Recently I’ve been noticing a trend of people posting pictures or videos of their pets after getting them “high”. It’s as if there is this association that if you like or enjoy a product, that your animal should enjoy it too. In this case, however, marijuana is actually very toxic to household pets although it isn’t to humans. This trend of getting your animals high has also led to a huge increase in incidents of marijuana poisoning seen in veterinary clinics, especially in dogs.
I see videos of people blowing smoke into their cat or dogs face, or posting pictures with the caption “my dog got into the pot brownies”, and as an animal owner myself, it is infuriating. The fact that some people would subject their animals to a practice they can not condone to, along with something that is actually toxic to them, it’s just aggravating. I understand that accidents happen, such as when a pet accidentally finds an edible, and with the growing popularity and legalization of marijuana, these accidents are becoming more common. However, as a pet owner, you have to take necessary precautions to limit the potential of these accidents happening, just as you would with a child and safety proofing the house.

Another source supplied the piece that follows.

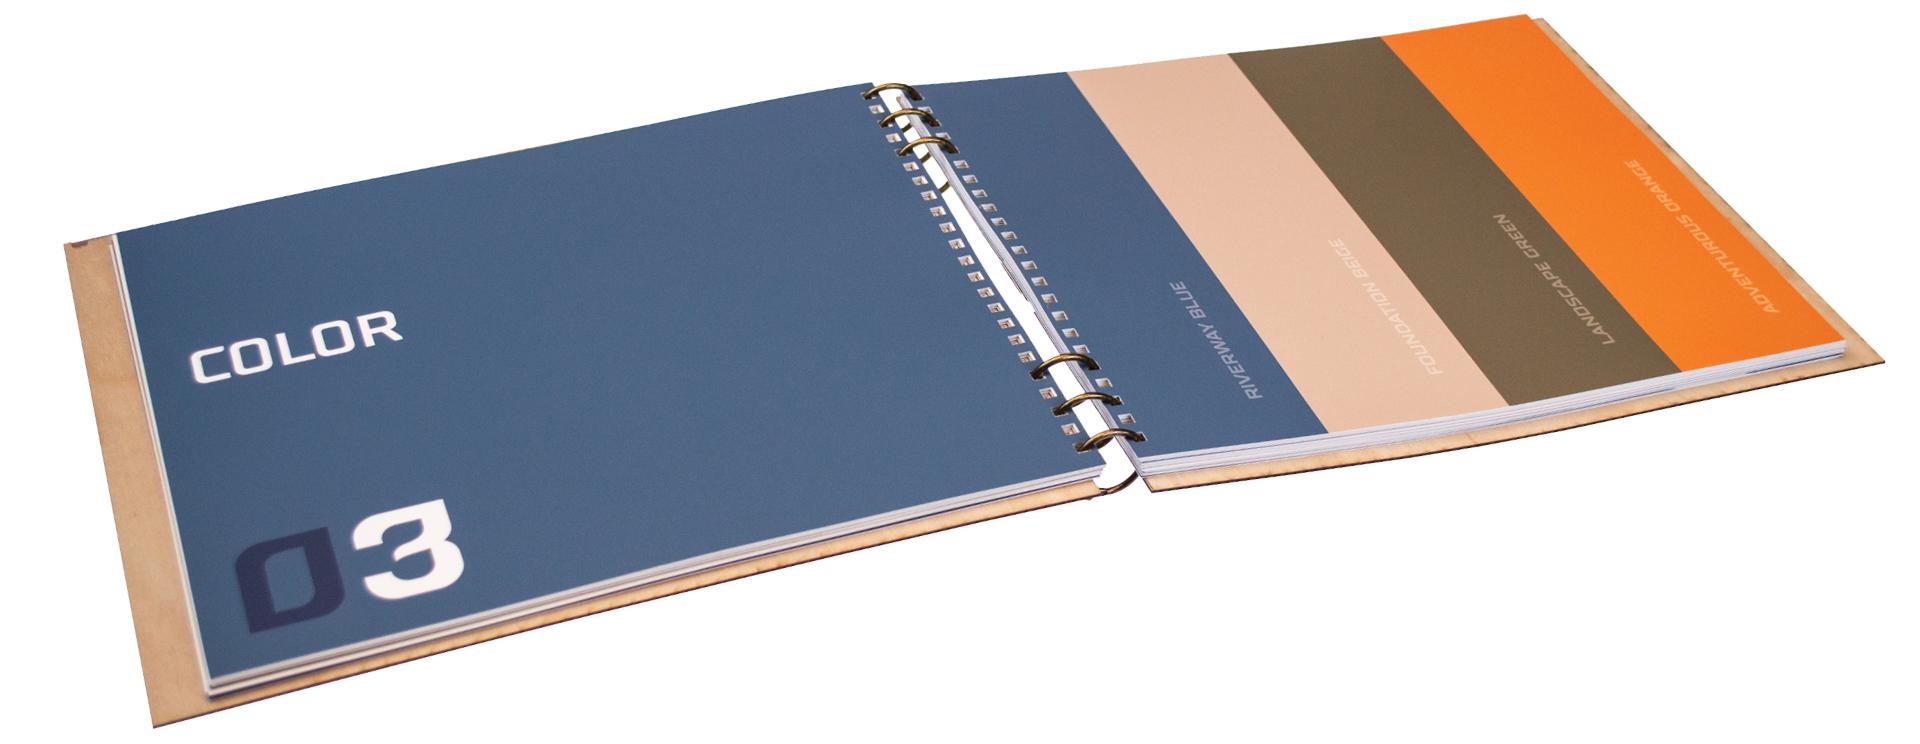 5 Scorebook Color.jpg

So what happens to a pet on pot?
THC, the most commonly known cannabinoid in cannabis sativa, affects the nervous system in an animal, and is listed as a toxic chemical, according to the the Guide to Plant Poisoning of Animals. Along with toxicity, it may also cause allergic reactions to pets.
Common reactions to weed ingestion are depression, ataxia, vomiting and hypothermia. You might notice that your pet will lost their appetite and become dehydrated. It can also affect their circulatory system by causing a change in the heartbeat (either increasing or decreasing). Other symptoms include agitation, vomiting, drooling, seizures, and in very severe intoxications you can have coma or death. Symptoms of the effects of marijuana in animals normally occurs within an hour or two of ingestion and can last up to 12 hours. For more increased doses, it can last for days as the THC (and other compounds found in marijuana) can be stored in your pets fat.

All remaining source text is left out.